Standing DB overhead presses
Starting Posture
Stand with feet shoulder-width apart, knees slightly bent. Hold a dumbbell in each hand at shoulder height with palms facing forward.
How to Exercise
Exhale as you press the dumbbells overhead, fully extending your arms without locking your elbows. Inhale as you lower the dumbbells back to shoulder height.
Breath Control
Exhale when pressing the dumbbells overhead, inhale when lowering them back down.
Common errors
Common errors include arching the back, locking the elbows, and using momentum to lift the dumbbells. It is important to maintain proper form throughout the exercise.
Weights
Adjust the weight of the dumbbells based on your strength and fitness level. Start with a weight that allows you to perform the exercise with proper form.
Grips
Hold the dumbbells with a neutral grip, palms facing forward.

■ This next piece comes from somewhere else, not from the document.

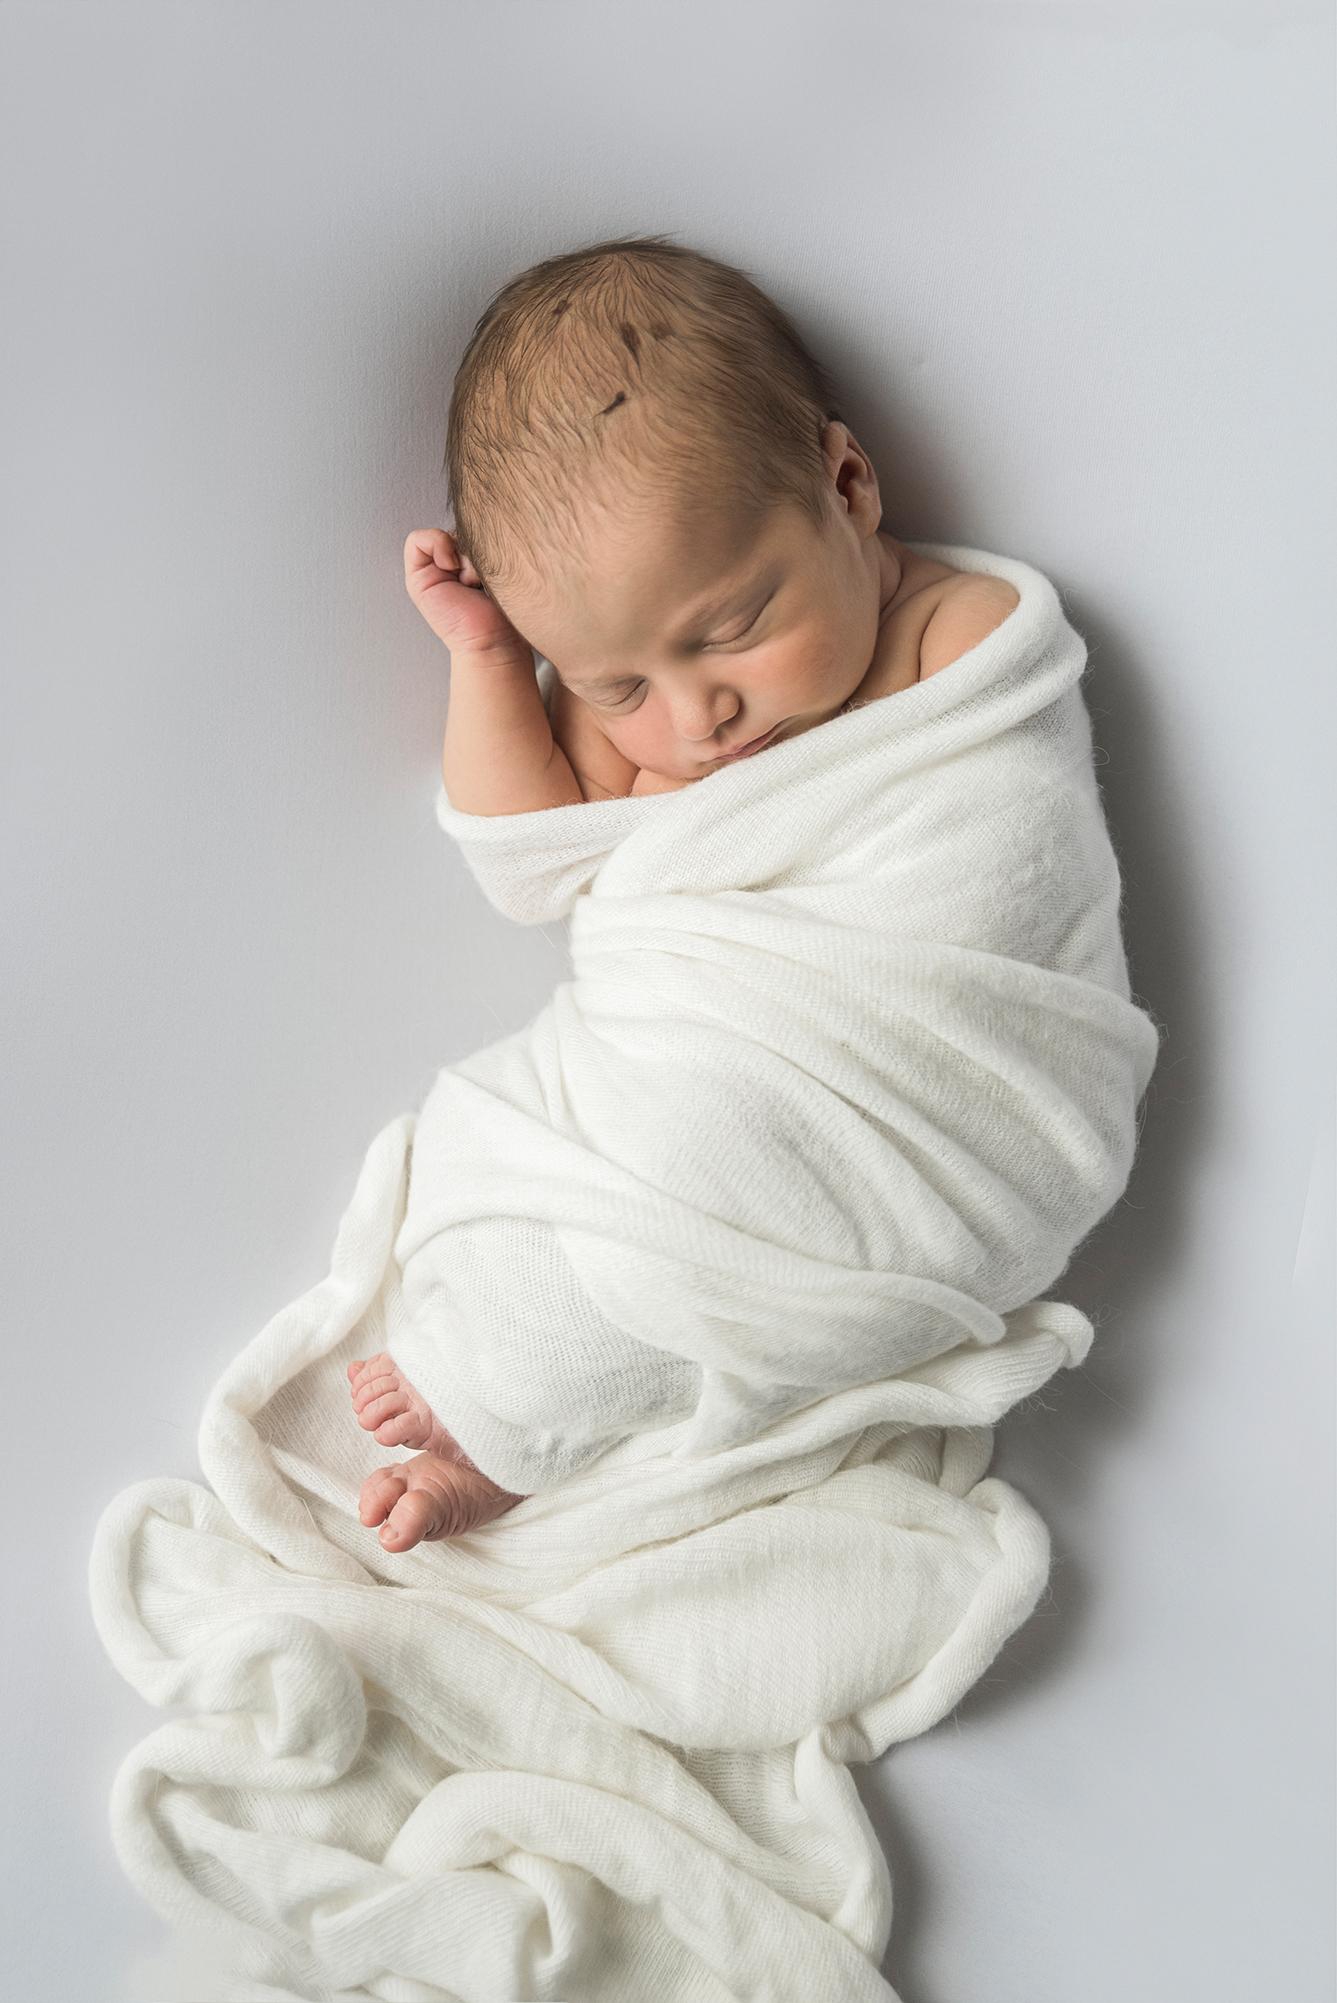 oakley newborn5 fx.jpg

This grip helps to engage the shoulder muscles and maintain proper alignment.
Variations
Variations of this exercise include seated dumbbell overhead presses, single-arm overhead presses, and Arnold presses.
Generate a workout for using deadlifts
Vivamus massa eros, mollis vel pellentesque et, tincidunt ut mauris. Suspendisse vehicula, felis vulputate sodales sodales, libero purus fermentum elit, eu scelerisque nibh dolor at metus.Vivamus massa eros, mollis vel pellentesque et, tincidunt ut mauris.
Sample workouts with this movement
Fit! Programs featuring this exercise
Comments and tips
Focus on keeping your core engaged and avoid arching your back. Start with a lighter weight to ensure proper form before increasing the load.
Cautions
Avoid jerking or using momentum to lift the dumbbells overhead, as this can strain your shoulders. If you experience any pain, stop immediately.